No aspect of the scandal surrounding President Donald J. Trump’s hidden relations with Russia has been more controversial than the reputed summer 2016 trip to the Czech Republic by Michael Cohen, Trump’s longtime consigliere. Now, a confluence of intelligence that’s found its way into the hands of special counsel Robert Mueller may finally provide some long-awaited answers.
As reported in the contested dossier compiled by Christopher Steele, the former British senior intelligence officer and Russia expert, Cohen sojourned to Prague in late August or early September of our election year to secretly parley with Kremlin representatives. In Steele’s telling, Cohen went to the Czech Republic to deliver cash to Russian hackers to help swing the 2016 election Trump’s way. This account, if true, describes unambiguous collusion between the Trump campaign and the Kremlin—exactly what the president has always denied occurred. If Cohen met with Russian spies in the late summer of 2016 to conspire against Hillary Clinton, that’s something a lot of Americans would term treason.

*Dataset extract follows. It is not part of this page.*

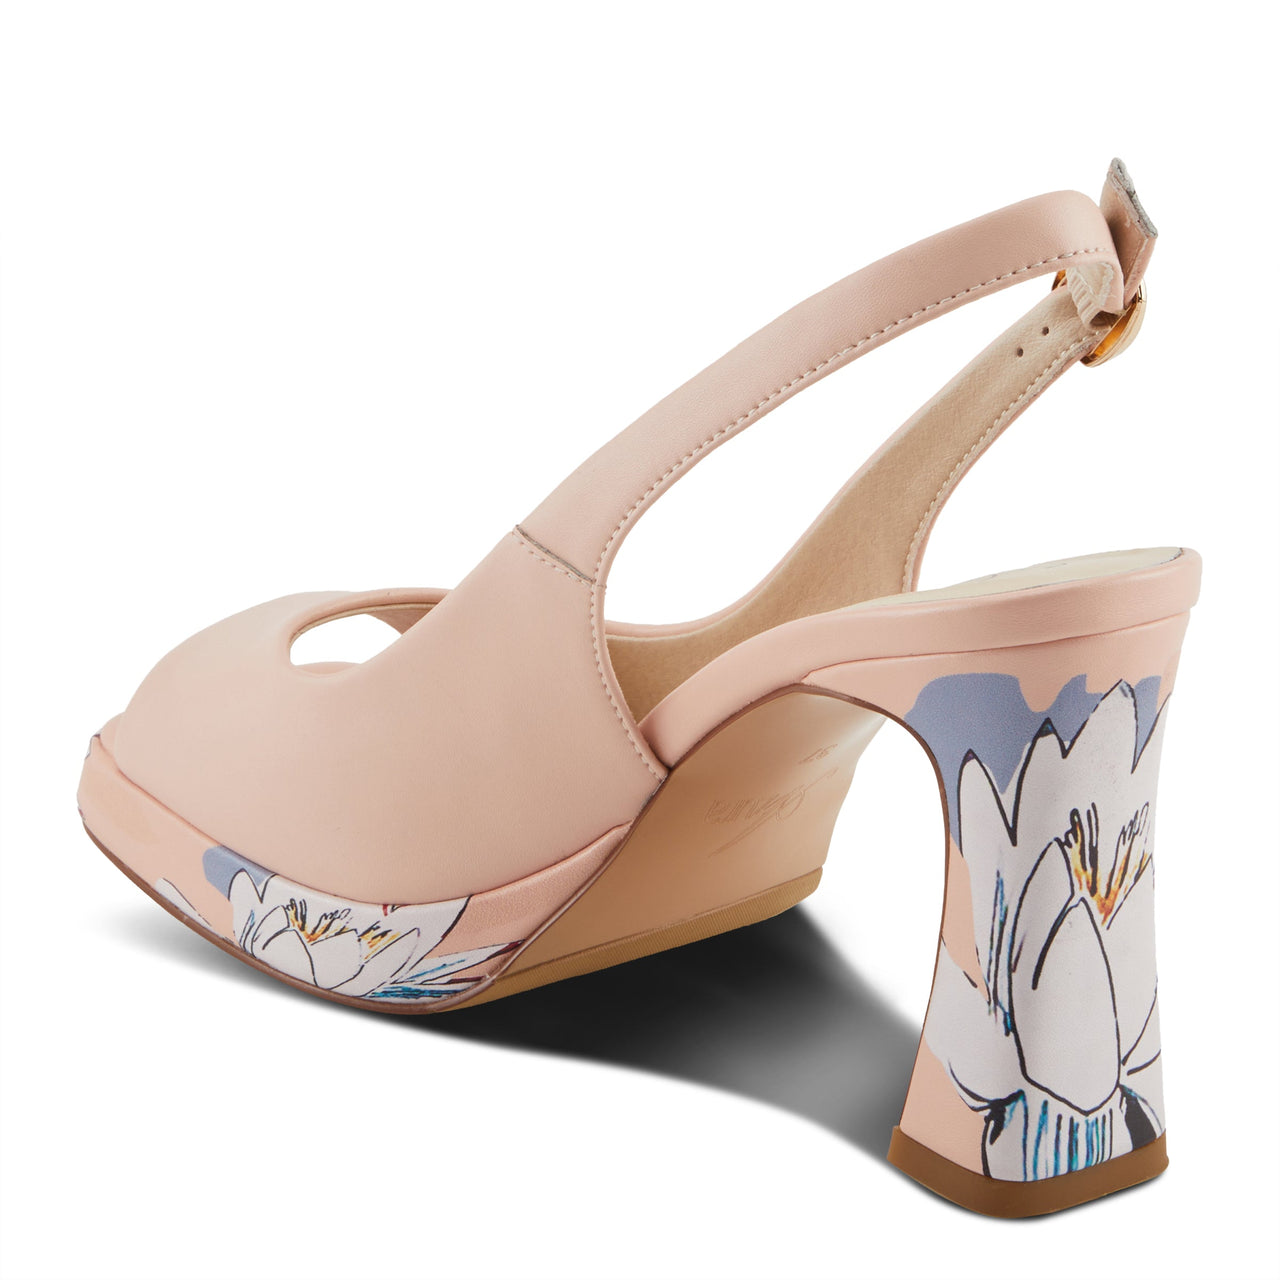 Beautiful and comfortable Spring Step Shoes Azura Stature Sandals in a soft, neutral tan color with intricate detailing and a supportive, cushioned footbed

But did it happen? Cohen has always denied it did, while Team Trump have gone out of their way to attack the story, and Steele generally. Except Steele never claimed that everything in his dossier was corroborated. It’s raw human intelligence, taken from sources Steele couldn’t always talk to directly, and it undoubtedly includes some Russian disinformation. In particular, the Kremlin has spread lies about the Prague meeting, which indicates there may be something they’re trying to hide there.